The flood waters have subsided overnight and the road to Fish Creek has re-opened. The event will proceed as initially planned, however there is still some water over the road so please ride with care.
"We needed a miracle, and we got one," says Borchers. "We were very excited to arrive and see the waters had cleared."
How to move a village in 24 hours
The flooded bridge was just the latest in a sequence of curve balls that punctuated the preceding days of the 2023 Great Vic Bike Ride. A day before in Sale, the same events team had crammed into the same campervan to re-invent the plan for day seven.
The route that day was originally meant to take riders from Sale to Port Albert, but a washed-out campground at their destination called for a change of plans.
The Great Vic is a rolling bike festival and the site in Port Albert had been cleared, mowed and readied for its arrival.
"I was given a full walkthrough of the site over Facetime and could see it was not in a condition for vehicles, marquees or tents to go on," explains Louis Coad, Campsite Operations Manager for the Great Vic Bike Ride.
"So the call was made to rule it out and find an alternative location, which turned out to be Yarram."
The first thing was to make a difficult call and let the landowner in Port Albert know the Great Vic Bike Ride wouldn't be coming to town.
Then came calls with the local Wellington Shire Council, who went to great lengths to help relocate the operation to Yarram. Then came discussions with the Yarram & District Cricket Club, who were happy to play host but also had a match scheduled.
With incredible support and understanding from the community, some way, some how, everything fell into place.
The first spanner in the works
The day before that impromptu campsite relocation, torrential rains in Paynesville also threatened to stop the event in its tracks.
As riders gathered at the start line, the winds picked up and the rain hammered down around them, conditions were nearly deemed unsuitable for the day’s riding.
School groups were asked to forego the riding so event staff could focus their resources and ensure the safety of a smaller contingent.
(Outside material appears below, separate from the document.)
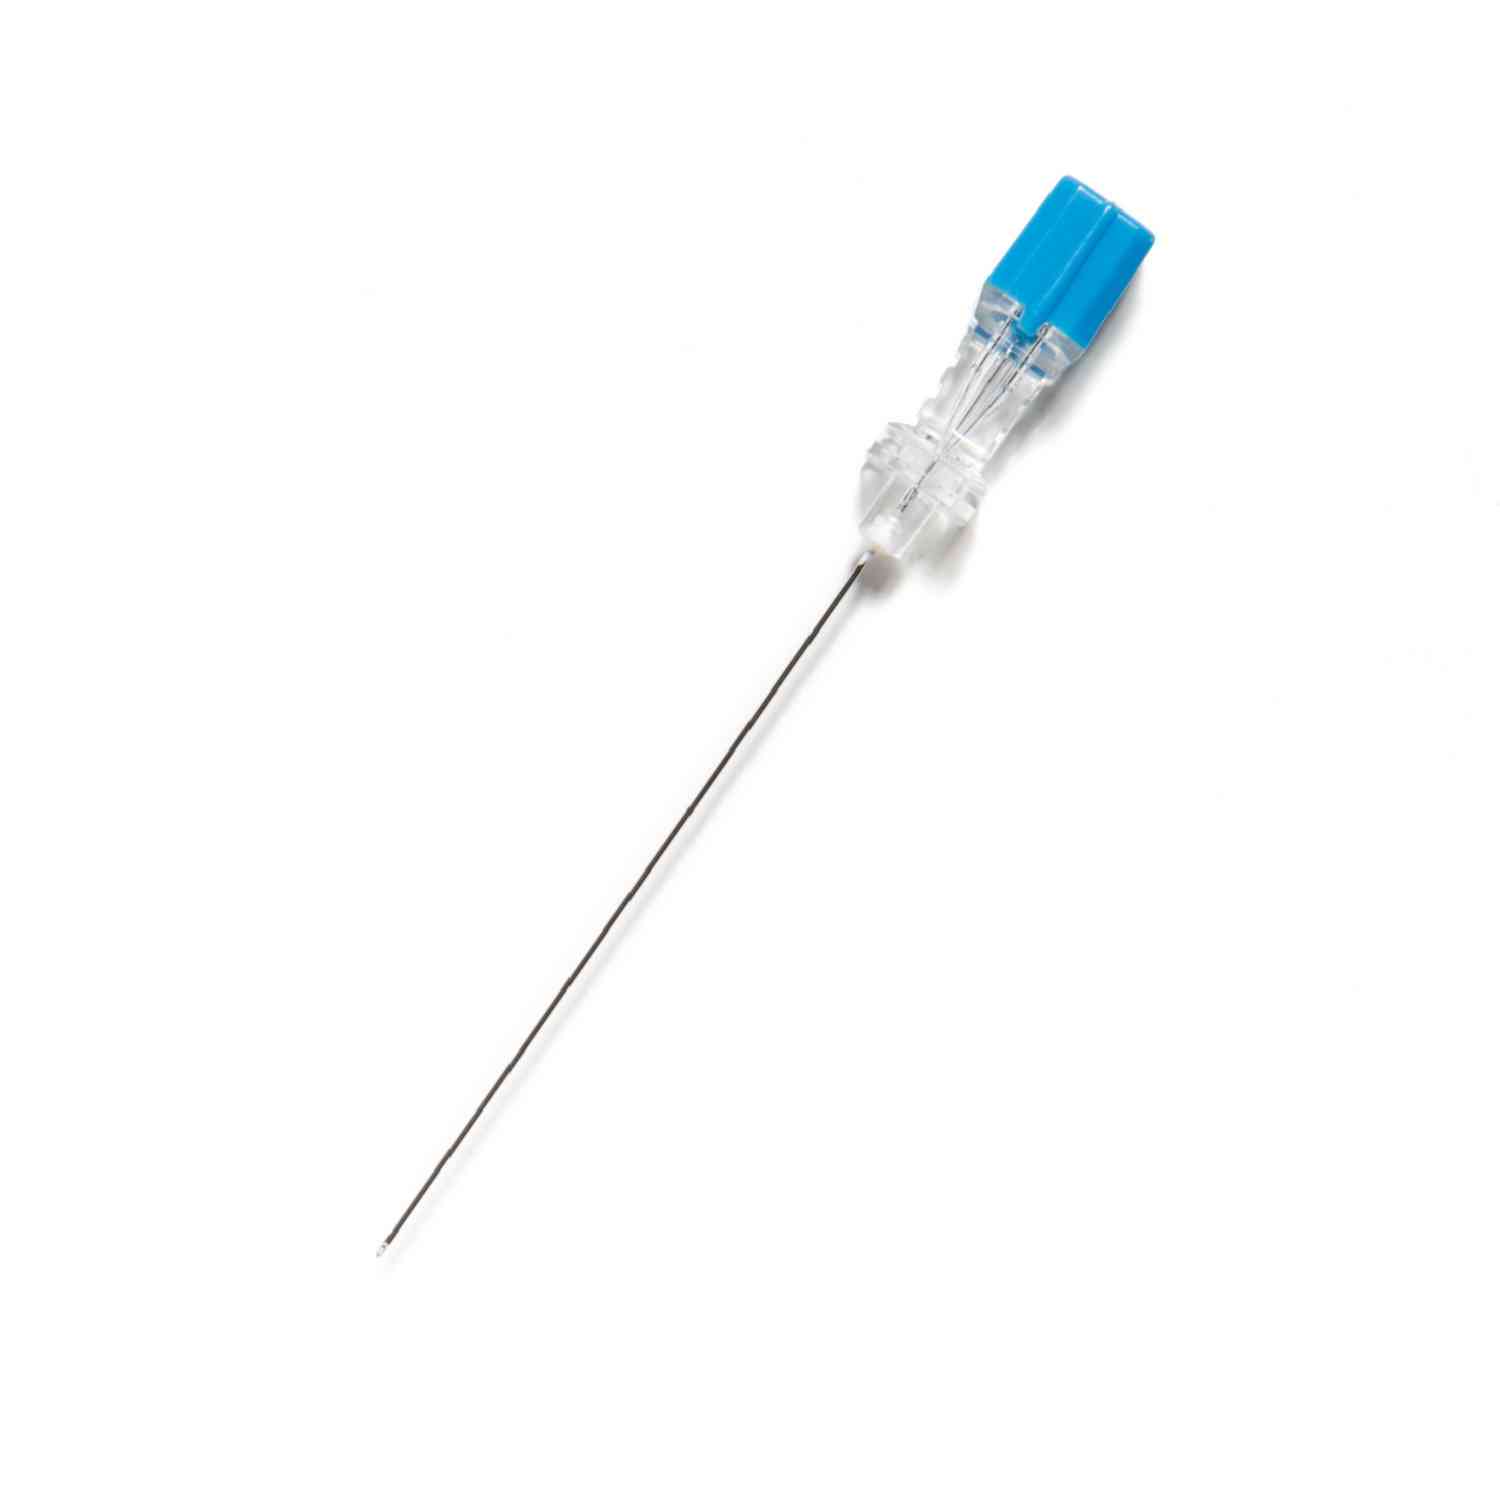 Quincke Needle 25ea/box - 183A026 | Avanos Pain Management

Many of those took up the offer of bus transport to Sale instead.
This required a significant logistical operation that involved loading hundreds of bikes onto trucks, moving mountains of luggage, and endeavouring to allow wet riders ready access to warm and dry clothes at the other end.
Ending on a high
Those few days of unfavourable conditions made the 2023 edition of the Great Vic Bike Ride one of the most challenging in its 39-year history. But they were bookended by sunny days, brilliant riding and those special moments the event is renowned for.
The 2023 Great Vic Bike Ride started with 2100 riders in picturesque Orbost on the Snowy River. They rode through bucolic hills and into the beautiful surroundings of Buchan with its otherworldly caves, then to stunning Lakes Entrance with its serene surrounding waters, and onto Paynesville where the weather set up the series of challenges.
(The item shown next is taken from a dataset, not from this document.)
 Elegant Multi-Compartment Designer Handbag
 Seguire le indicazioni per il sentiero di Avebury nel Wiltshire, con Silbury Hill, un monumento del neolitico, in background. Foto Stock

The reward for riding out those stormy few days was the warmest of hospitality in the charming town of Fish Creek. Here riders celebrating a spectacular day of riding through forested hills with a drink at the recently renovated pub in town, or a boogie at the Saturday night local disco.
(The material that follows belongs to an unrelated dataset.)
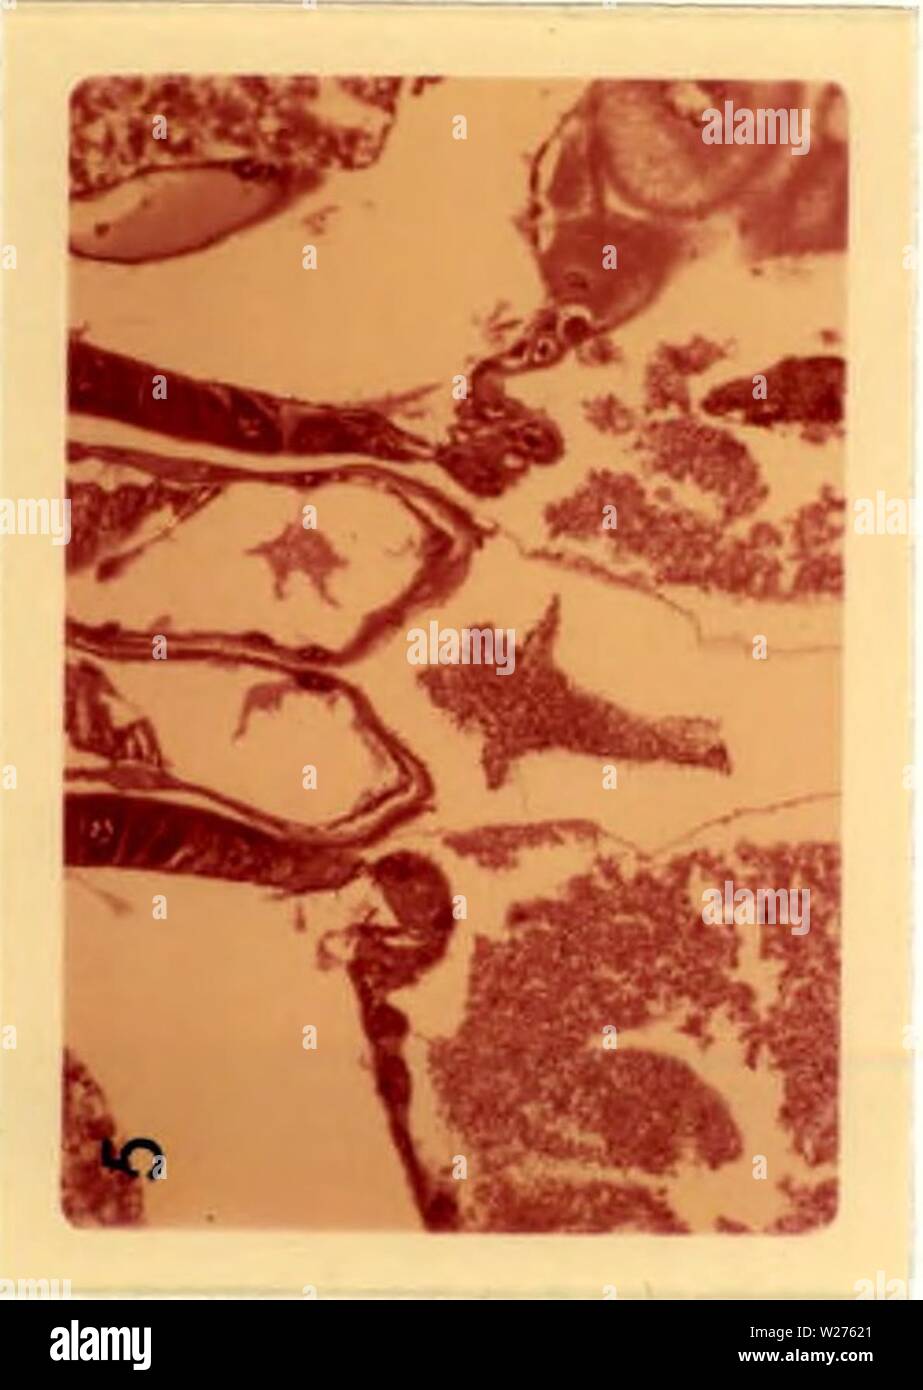 Immagine di archivio da pagina 42 di citopatologia di poliedrosi nucleare. Citopatologia di nuclear polyhedrosis virus in Aedes triseriatus (diciamo) cytopathologyofn00federich Anno: 1970 Foto Stock

They then woke to clearing skies, friendly winds and perfect temperatures for a pedal to Inverloch for lunch, and onto the finish line in Wonthaggi via the stunning Bunurong Coastal Drive.
"It was such a wonderful way to end it, you wouldn't even have known that spirits had been dampened by testing weather," says Borchers.
"We were always really comfortable with our backup plans and knew we could get everyone home safely if need be, but it's so pleasing to reward the riders with the special atmosphere of a Great Vic finish line.
We can't thank them enough for their patience and flexibility, sticking with us as we adapted to the conditions. The riders along with our wonderful volunteers were key to keeping the show on the road, and we're incredibly grateful for the part they played in delivering yet another memorable Great Vic Bike Ride."